- **EXERCISE PROMPT**
Up to and including the final line, retype each line of the records below, starting with the one that contains "Please leave a".

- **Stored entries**
········
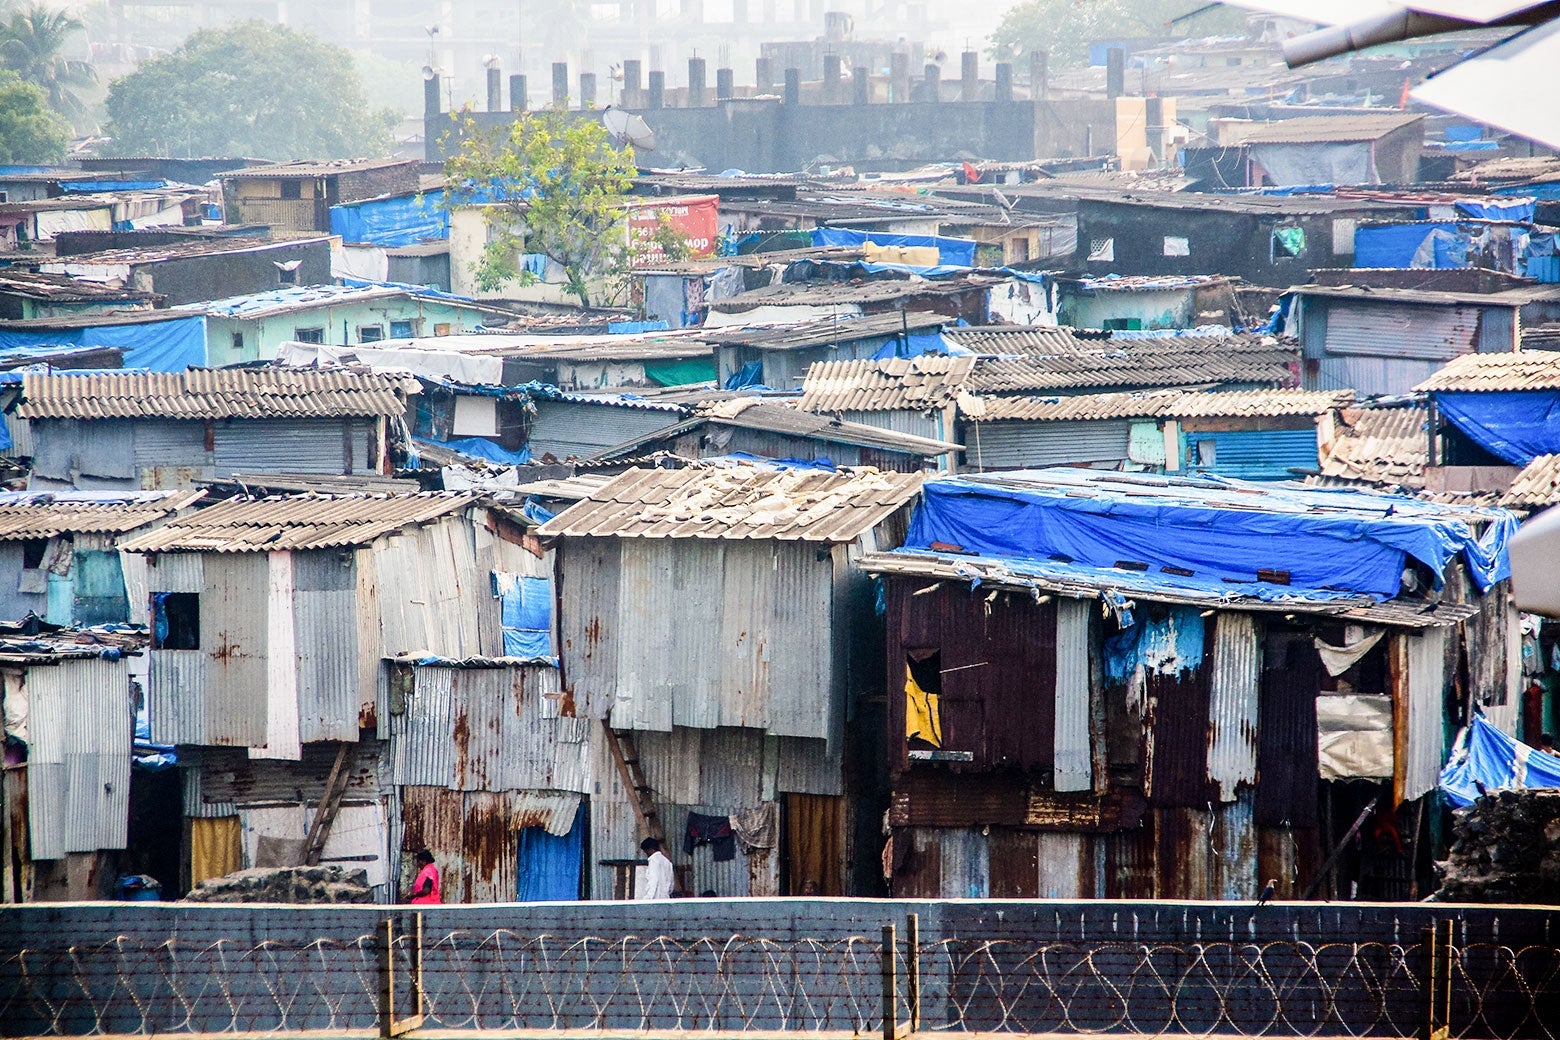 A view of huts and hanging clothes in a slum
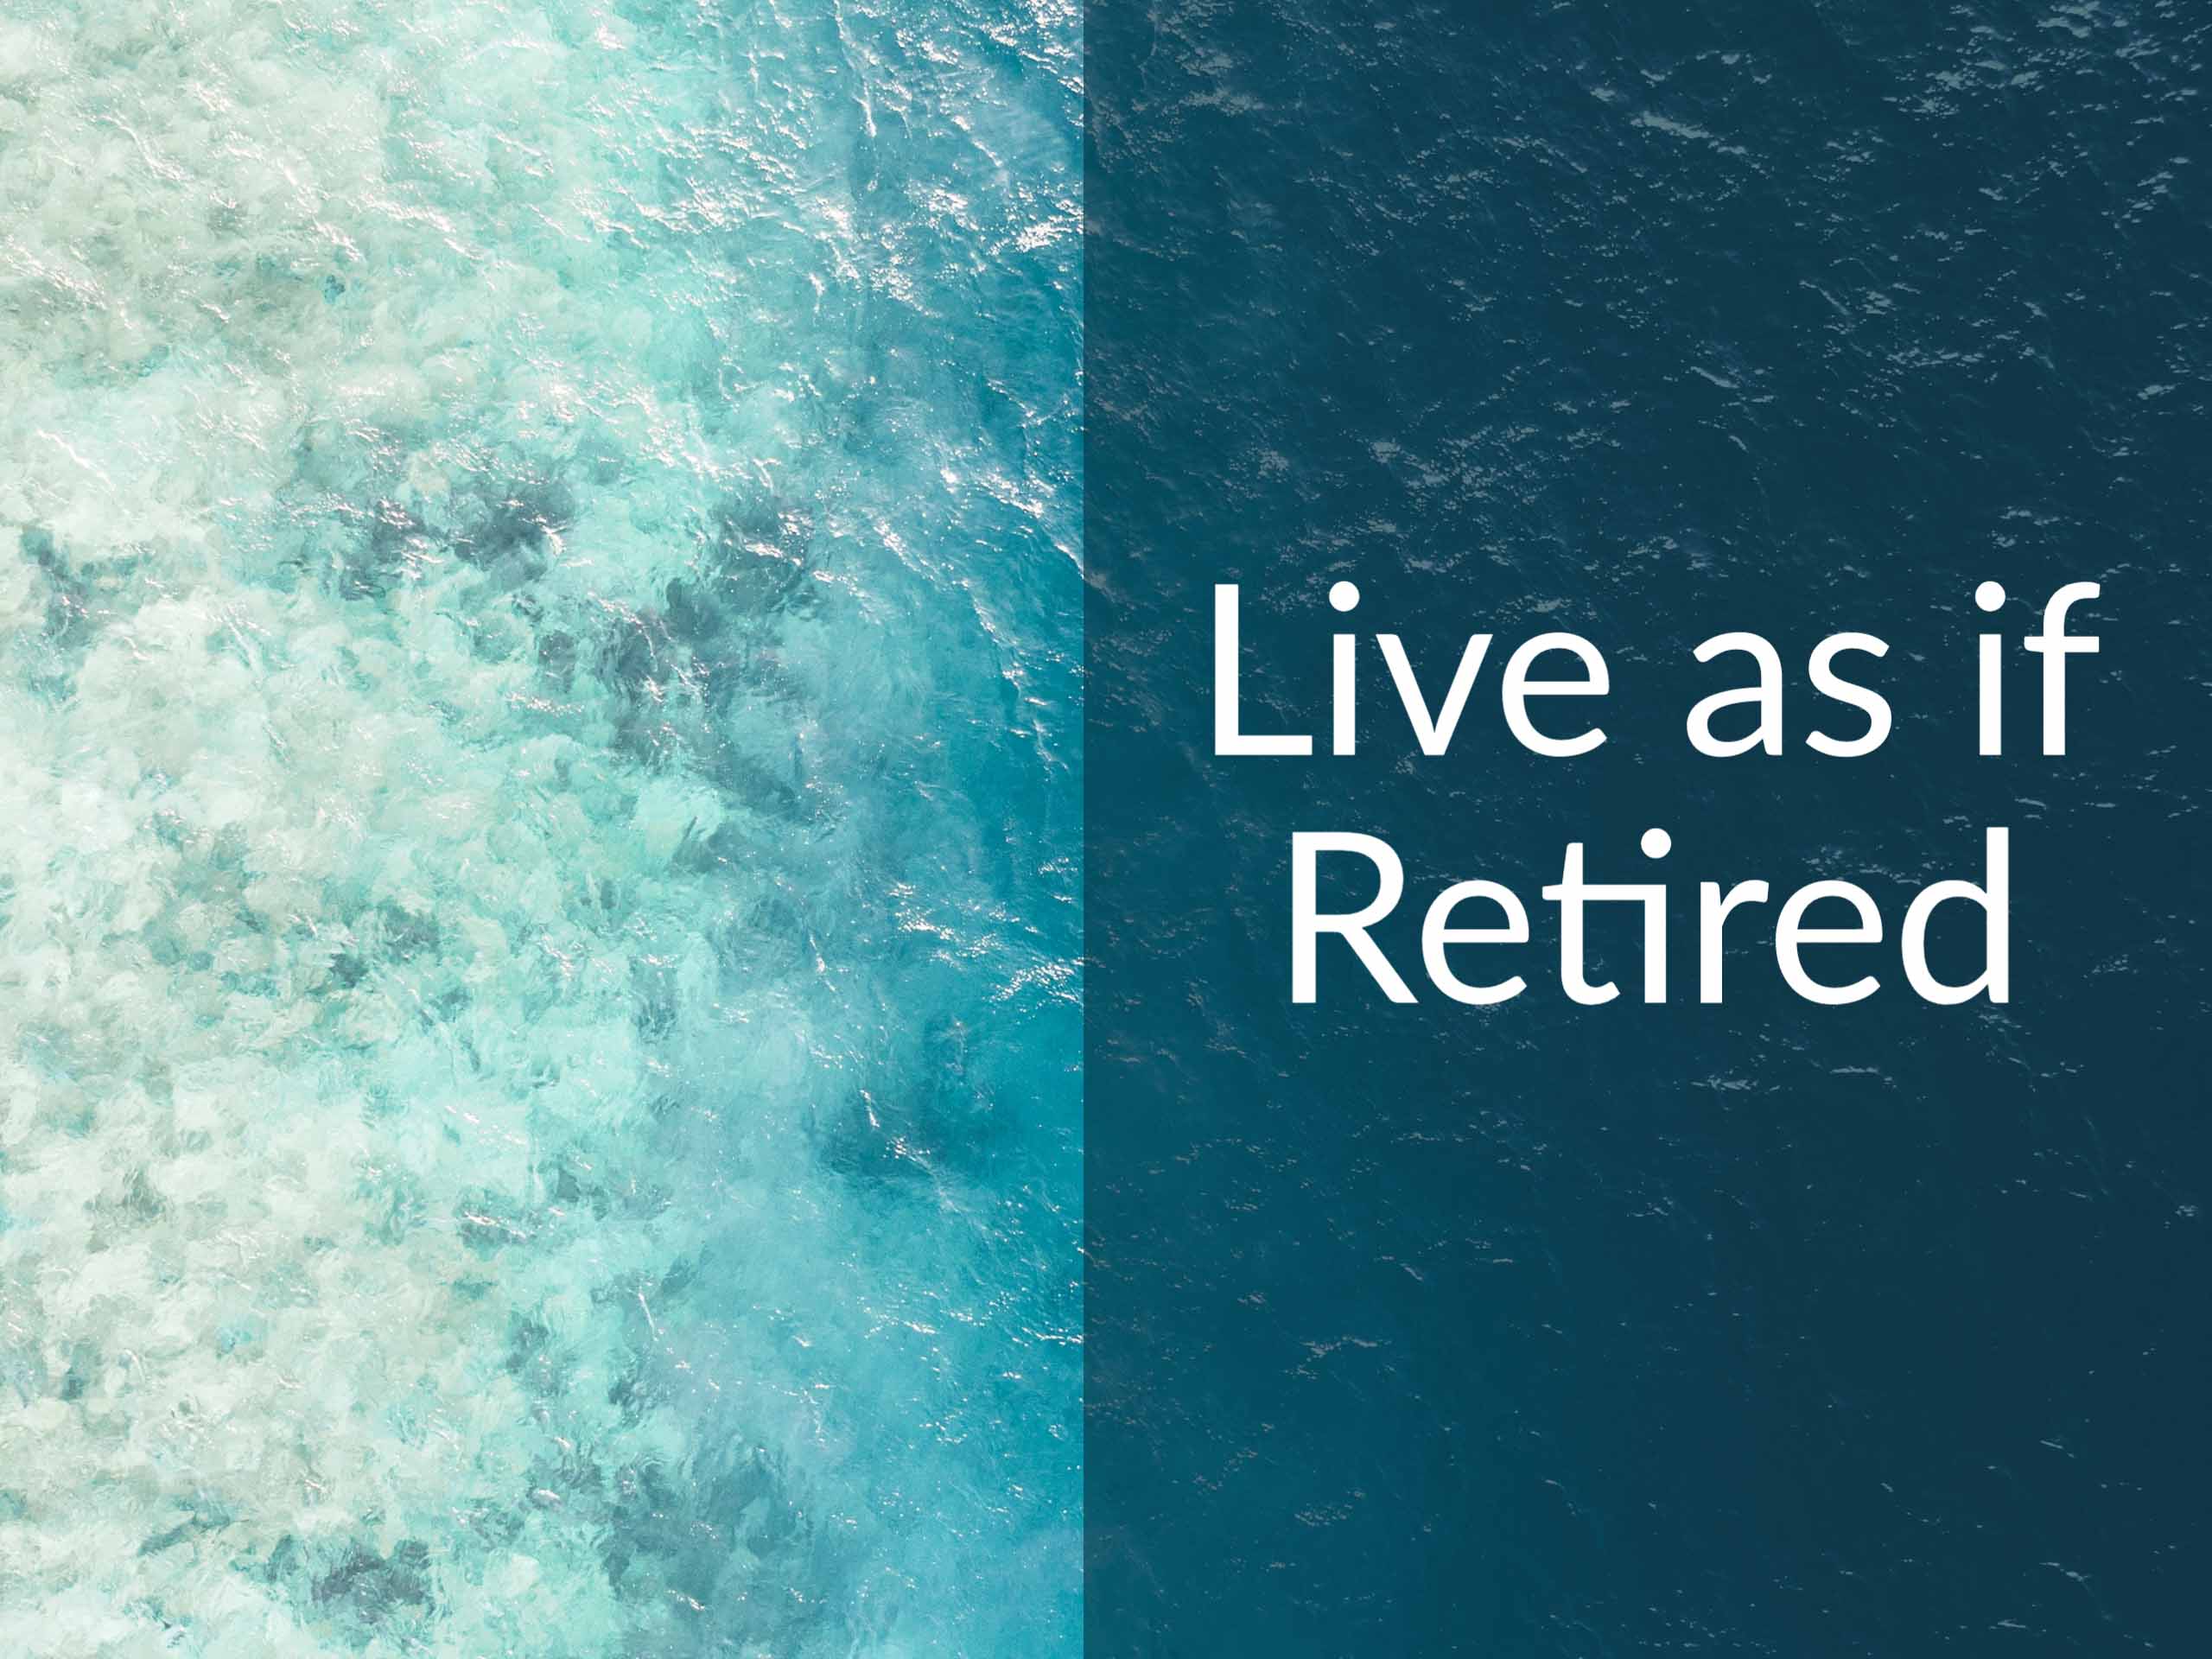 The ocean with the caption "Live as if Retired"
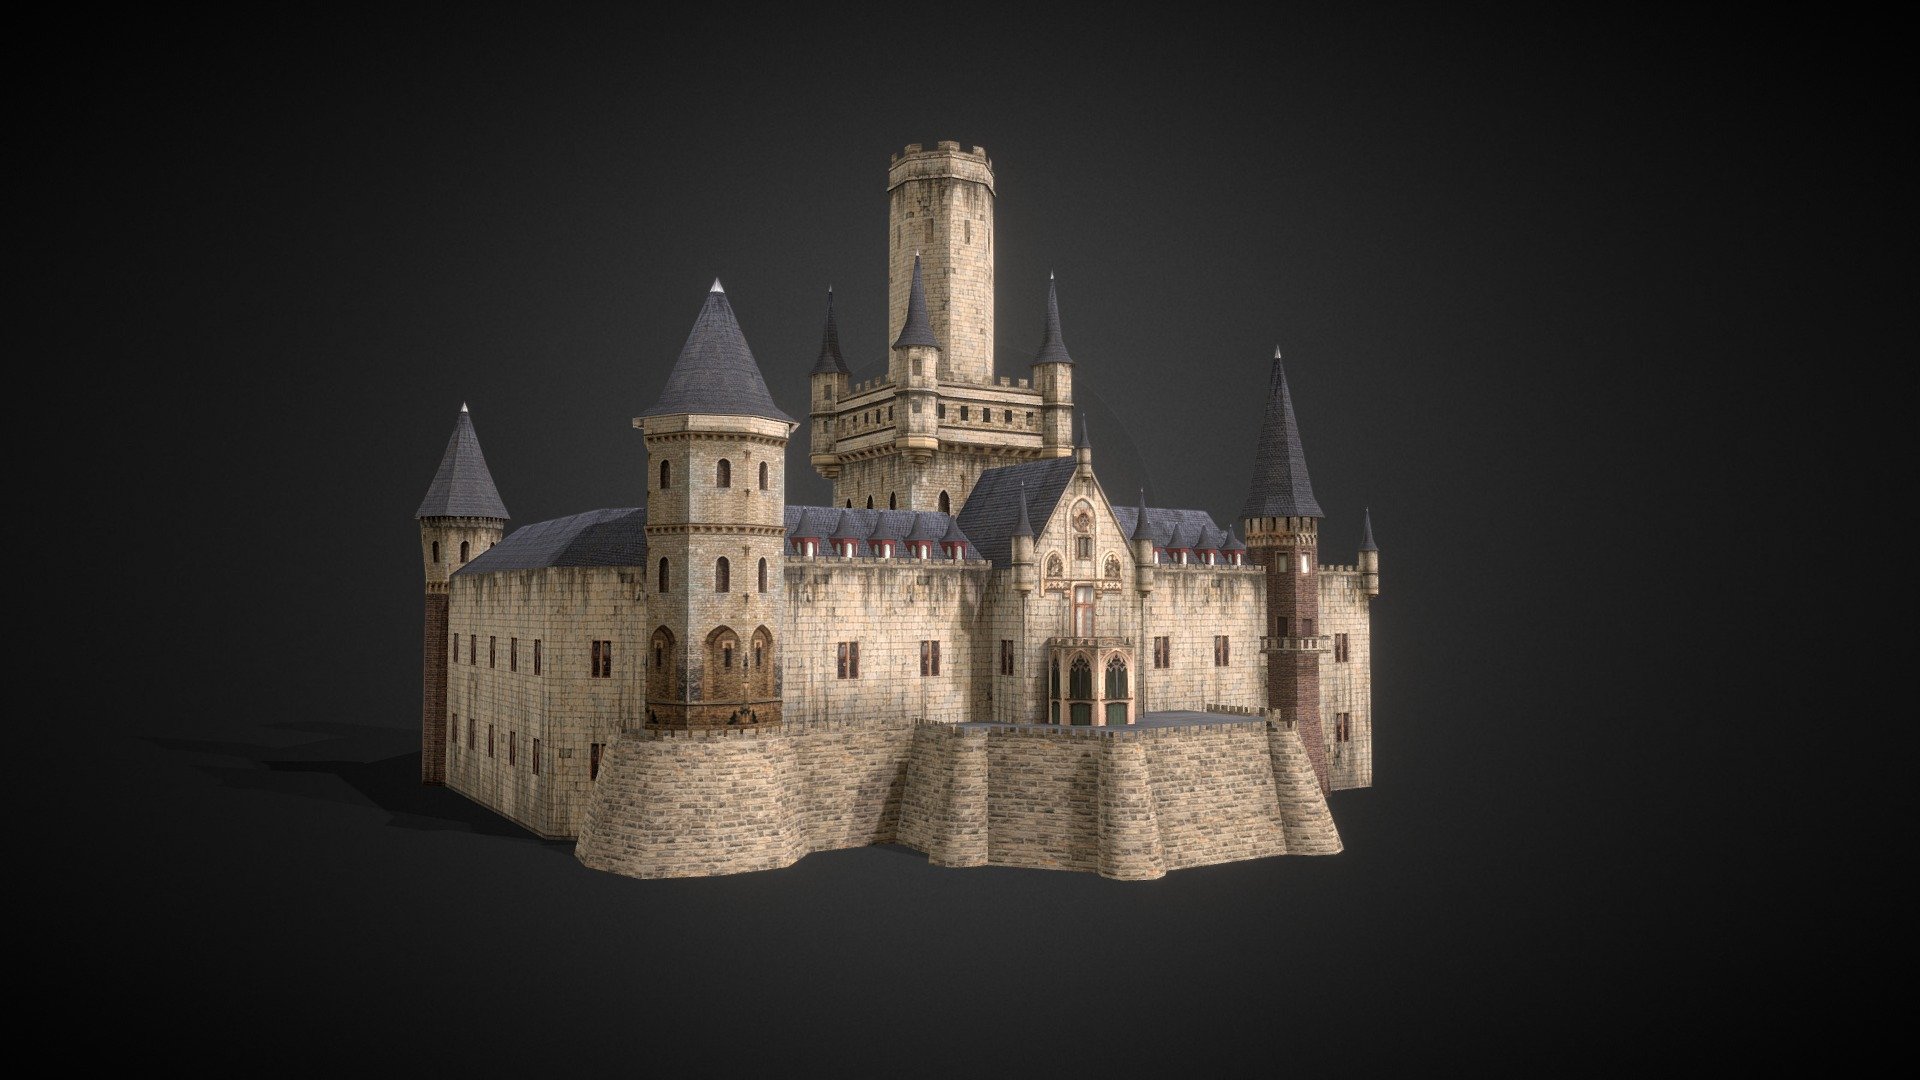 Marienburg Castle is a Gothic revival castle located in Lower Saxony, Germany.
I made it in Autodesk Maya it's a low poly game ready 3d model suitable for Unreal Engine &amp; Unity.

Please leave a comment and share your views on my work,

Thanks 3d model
········
- **COMPLETED TASK**
Please leave a comment and share your views on my work,

Thanks 3d model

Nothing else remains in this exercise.